Помню предвоенные годы. Уверенные военные щеголяли с юбилейными медалями «20 лет РККА». Началась война, они, как мышки, сновали у штаба округа.
А в кинотеатре по-прежнему крутили «Сердца четырёх». За десять копеек возвращалось мирное время. Кончался сеанс, и время военное застывало, как тот грязный снег на асфальте. Становилось ещё тяжелее. Наступил и самый тяжёлый – сорок второй. Но вот словно рассвело, и не от манящего запаха американской колбасы в красивых банках, не от сводок Совинформбюро и всесокрушающего голоса Левитана, нет. В городе появились военные с костылями и культями, обожжёнными лицами, но с орденами и в погонах. Это были не те смирные и побитые инвалиды начала войны, продававшие на базаре махорку. Как алиби, кто-то из них прицеплял прямо на бушлат бронзовую медаль за оборону города, который сдали. Нет, эти бойцы из другой породы. Это те, кто заставил врага отходить. Это те из немногих, что выжили, получив ордена и ранения. До войны это был в основном гражданский народ – из деревни, из города, из ссылки, из заключения.

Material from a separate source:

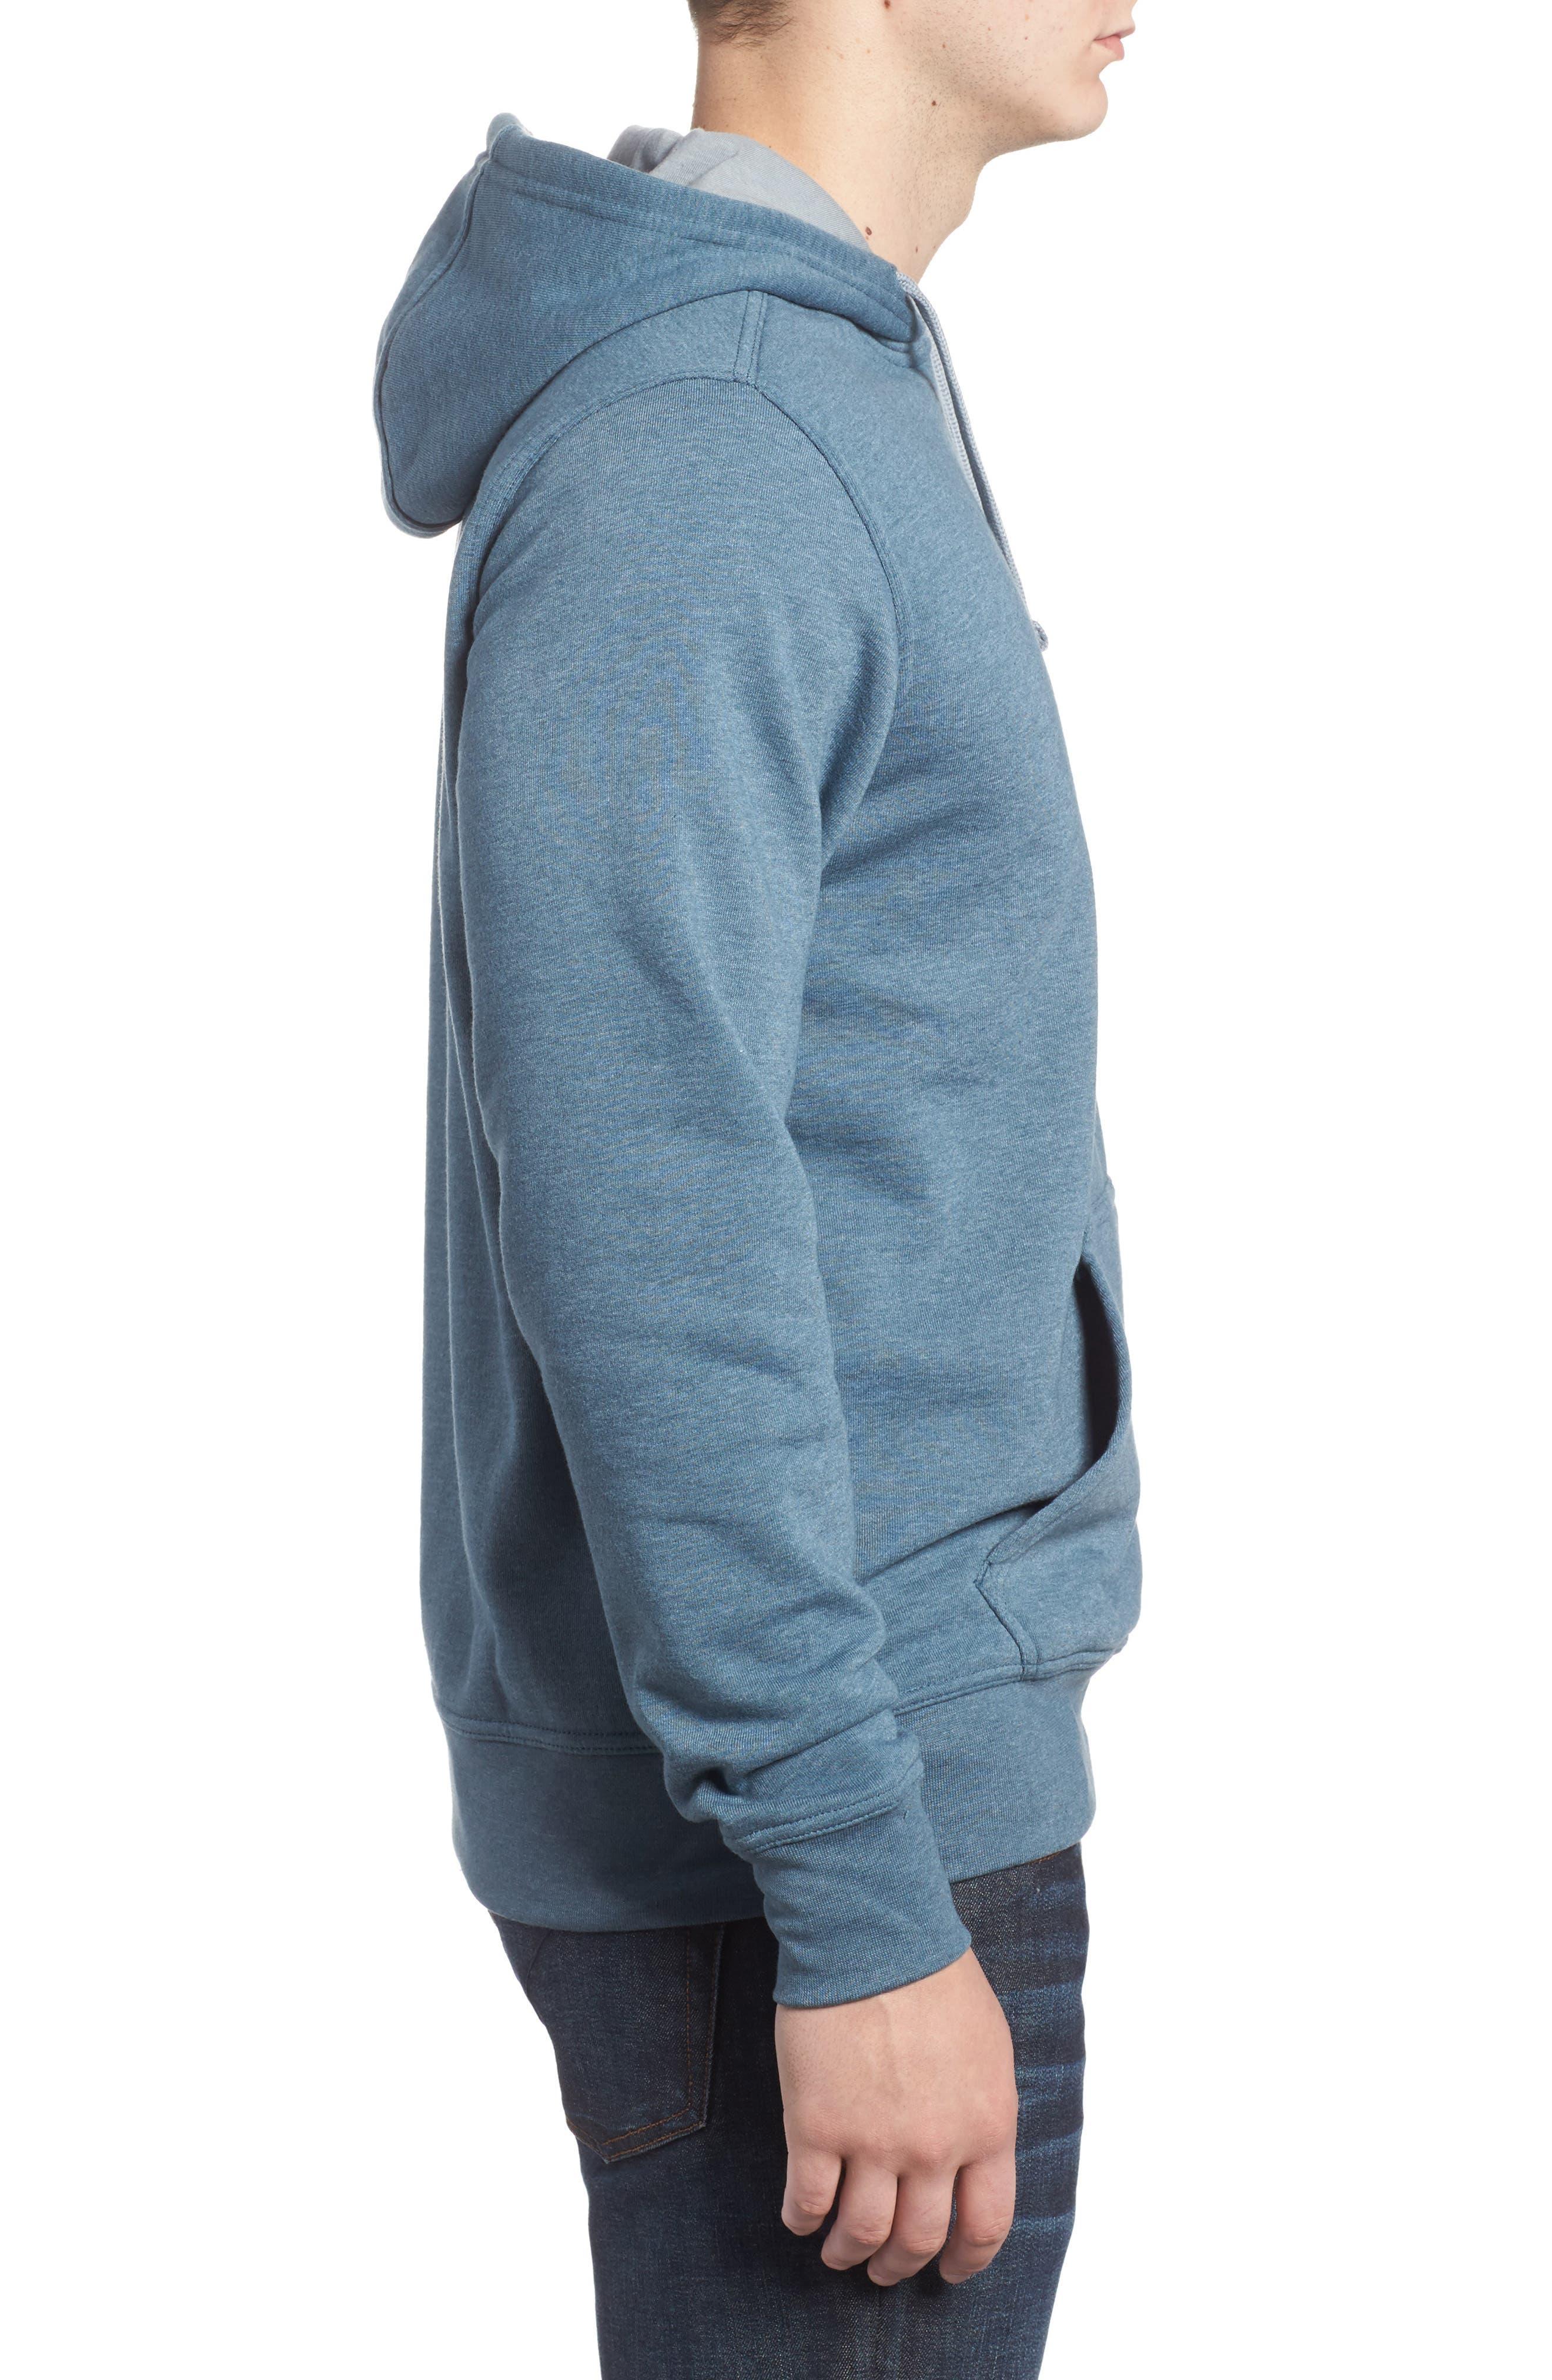 Half Dome Cotton Blend Hoodie,                             Alternate thumbnail 3, color,                             Conquer Blue / Monument Grey
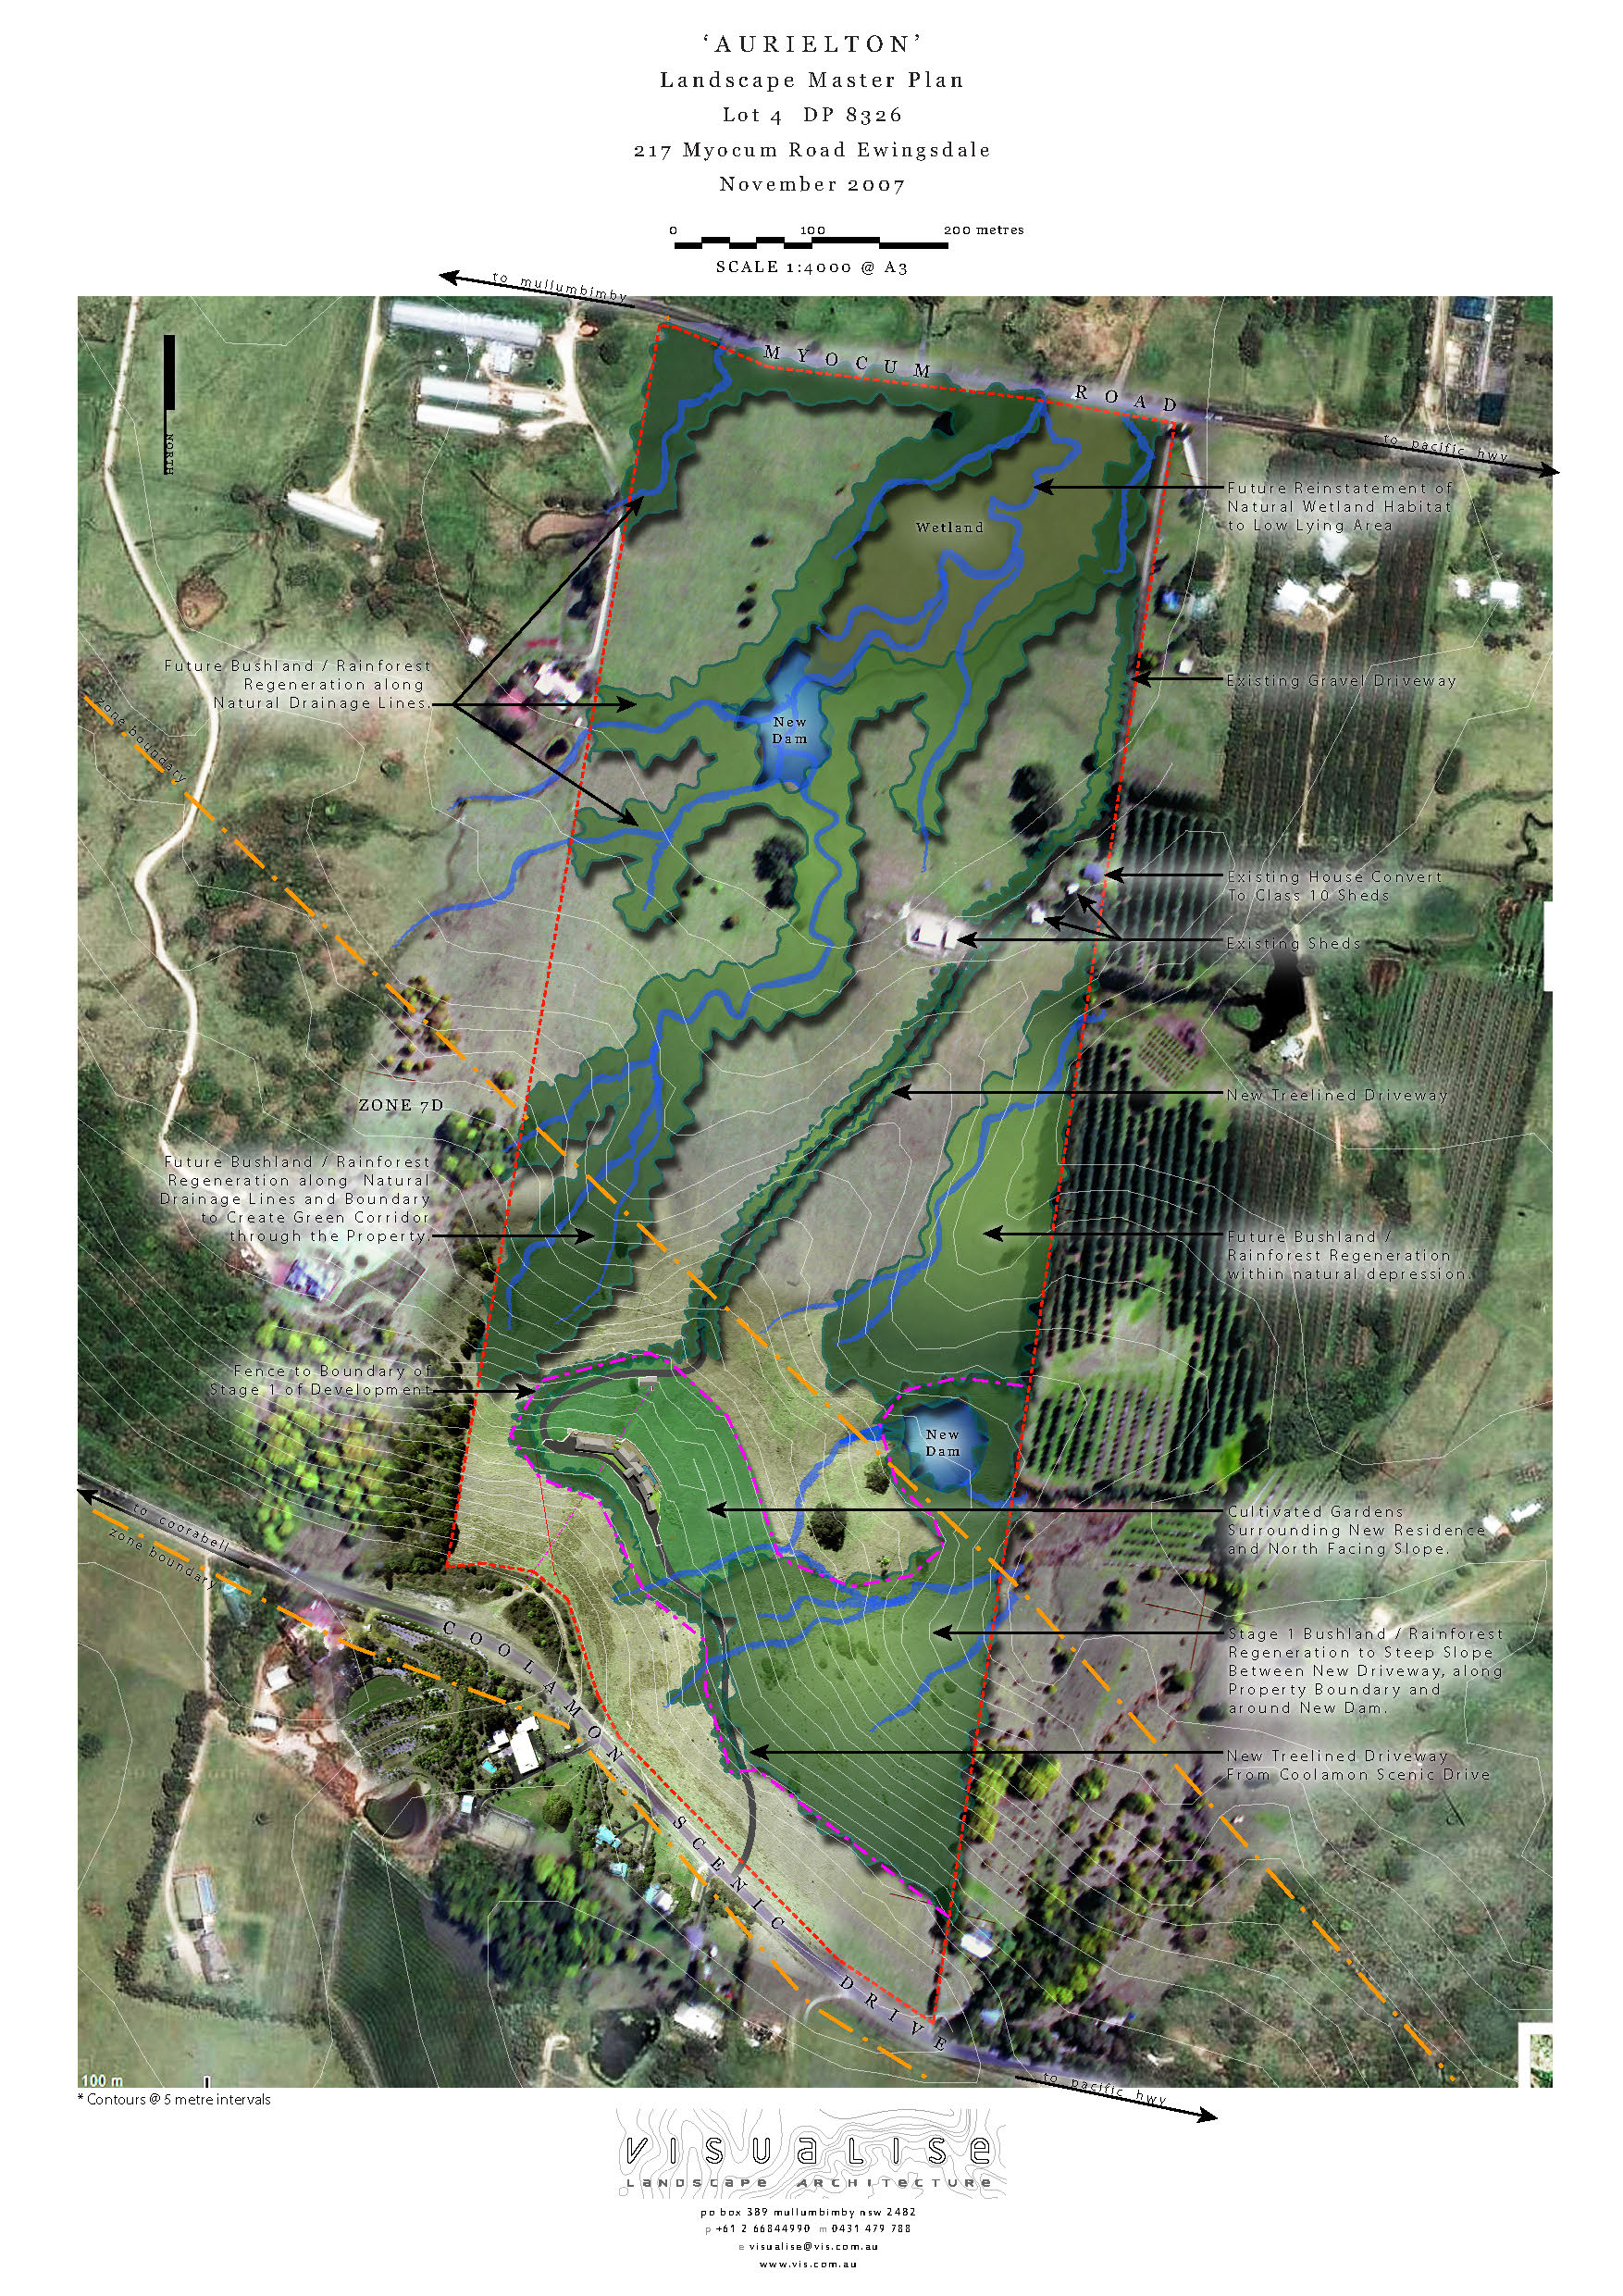 Landscape Master plan final small.jpg

Сейчас они вышли из драки, злые и грубые, но добрые к нам – пацанам. Да, так было, но всё позади, время сдвинулось, повернулось.
Не дыша, я ходил с дядькой, как адъютант, он был мой Бог. Ордена и медали приятно позванивали, как серебряные колокольчики. Гимнастёрку оттягивал и высший солдатский орден Славы. Но главный был для меня даже не орден – знак «Отличный разведчик».
Знал я лихую биографию дяди Андрея. Тридцатый год, коллективизация, семья репрессирована. Онька – беспризорник, воровская компания, детская колония, специальность. Затем работа, преследование НКВД за брата-«врага народа», побег и снова колония. Началась война, фронт – штрафбат, разведка, бои, ранение.
Каждый его приезд к нам был праздником. От соседей приносили гитару, дядька наигрывал, уныния как не бывало. А дела его, однако, были плохи, ранение, туберкулёз легких. Я был прост, считал и его таким же. Значимость человека определял по количеству орденов на груди. Да оказалось всё сложнее: я не знал этого человека. На глаза мне попалась его тетрадь, толстая, в потёртом переплёте, исписанная плотным аккуратным почерком. Там была судьба-откровение Андрея. Я читал тайком и не мог остановиться. Только много позже понял, что он нарочно забывал, а потом и оставил её мне. Он знал, что туберкулёз его прикончит, а я буду знать его мысли и душу.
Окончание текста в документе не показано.